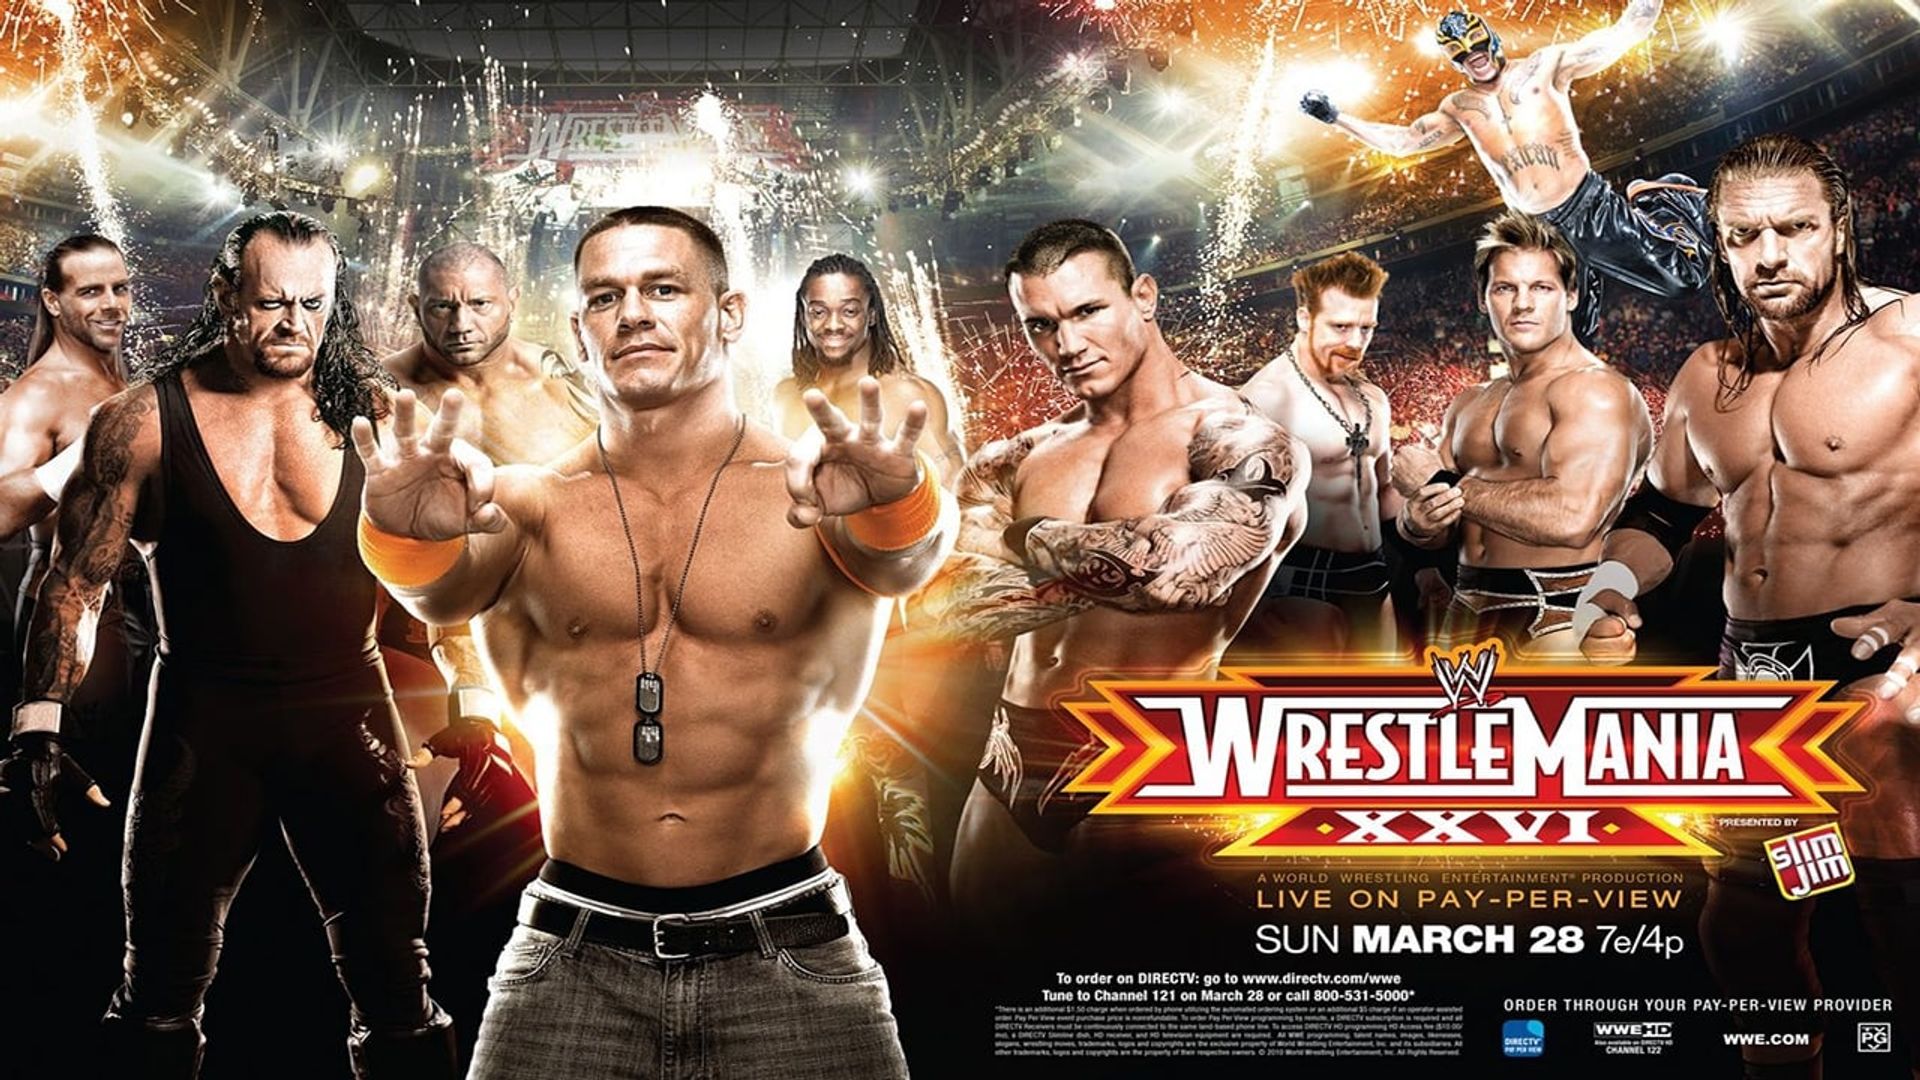 WrestleMania XXVI background
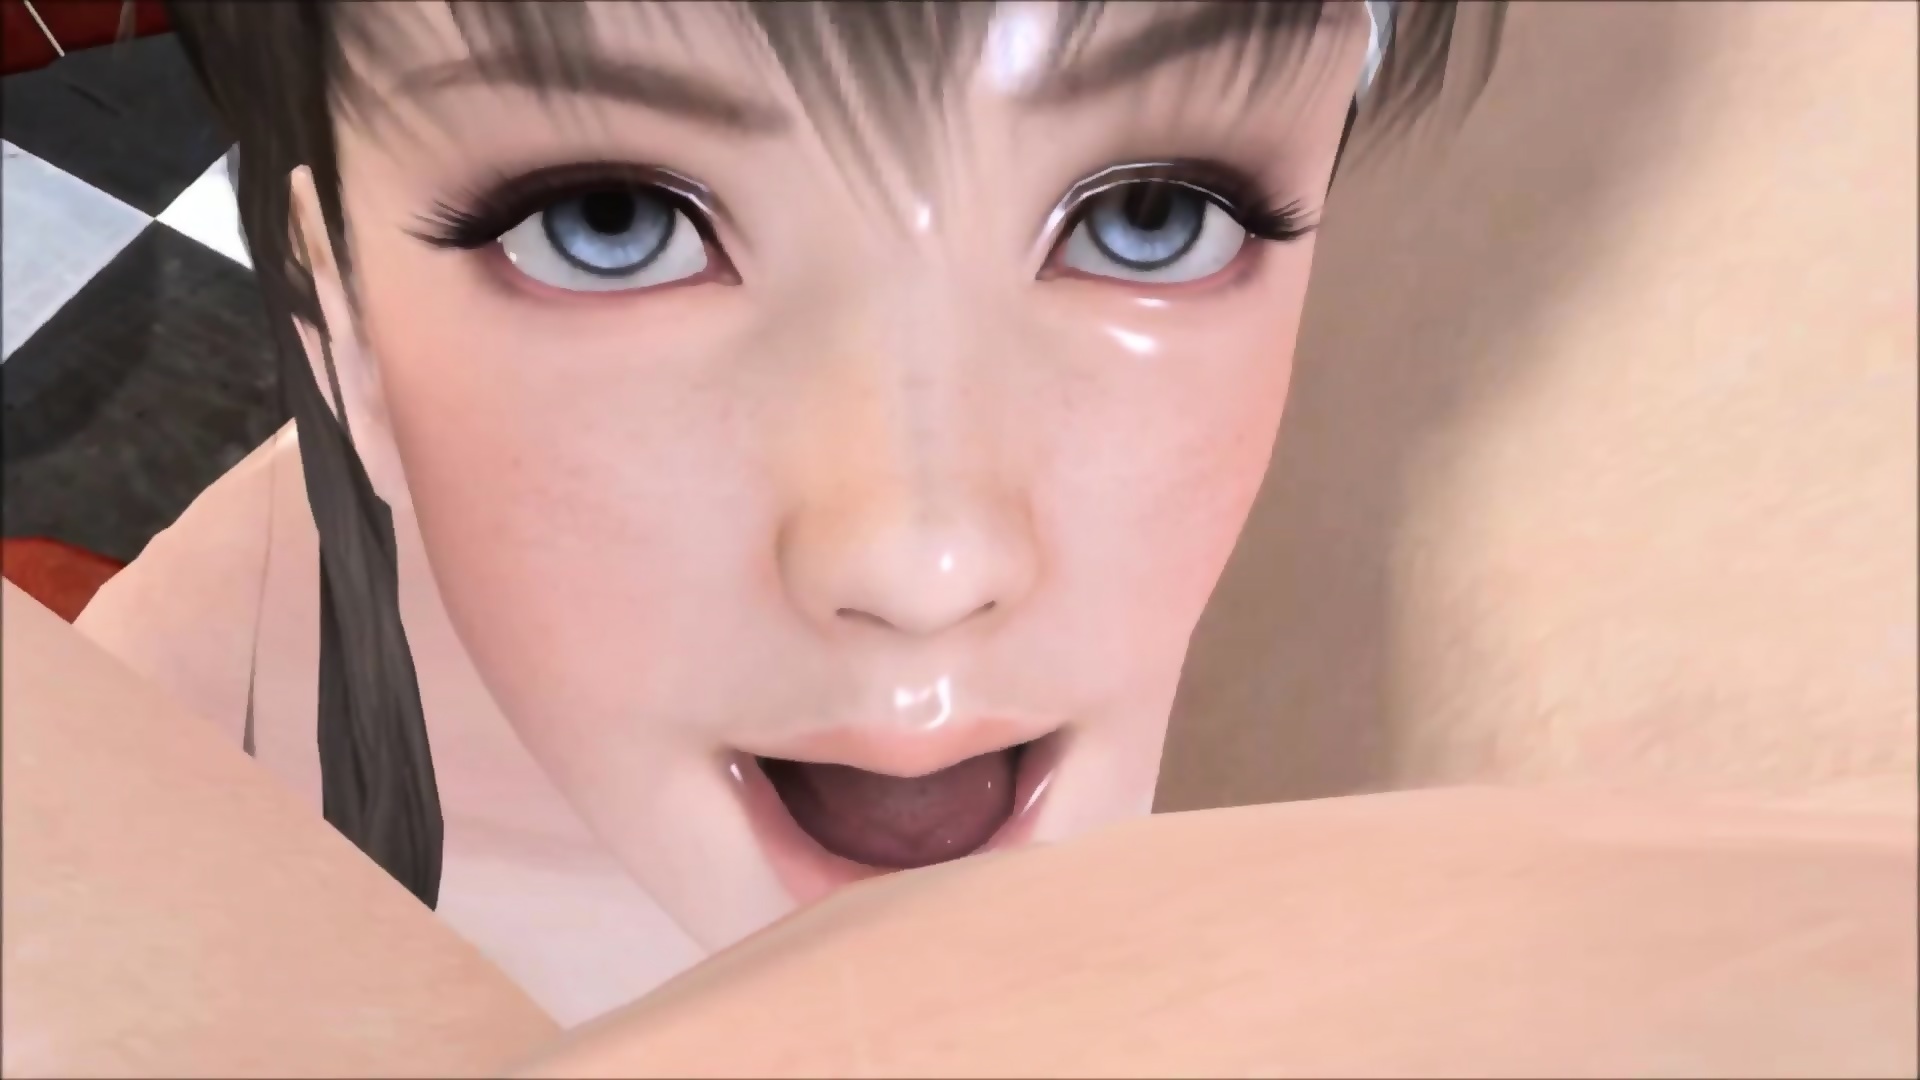 Iruingirls - Porn Game 3D Animated Hentai Compilation - IRuinGirls - EPORNER
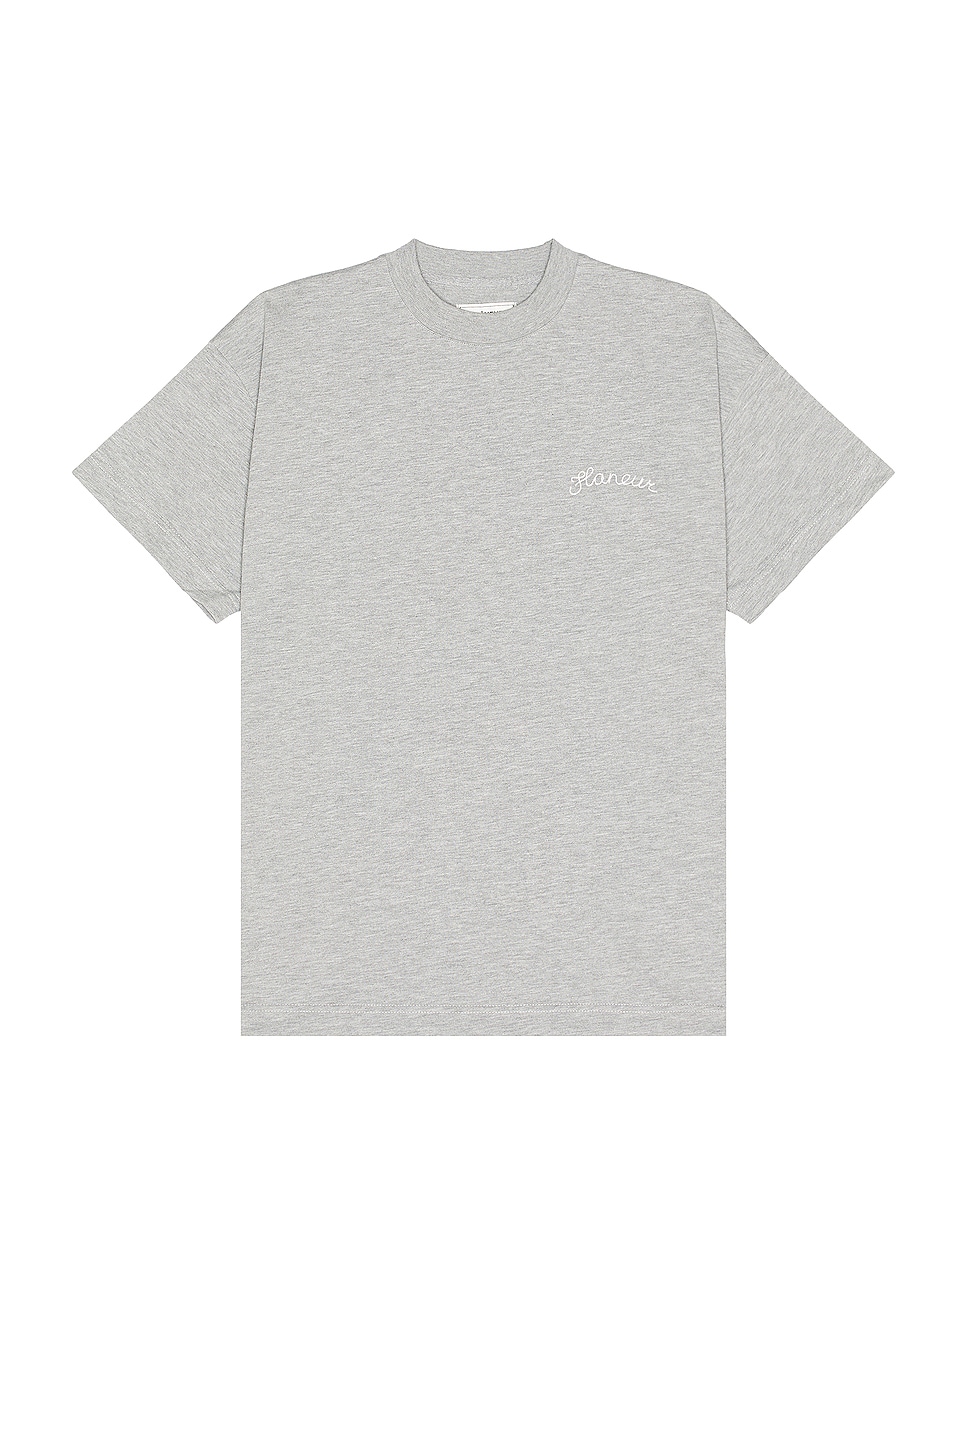 Футболка FLANEUR Signature T-shirt, серый

========

• [Brief]
This exercise asks for the data above to be given again exactly, without pictures.

• [Output of the exercise]
 WrestleMania XXVI background
 Iruingirls - Porn Game 3D Animated Hentai Compilation - IRuinGirls - EPORNER
 Футболка FLANEUR Signature T-shirt, серый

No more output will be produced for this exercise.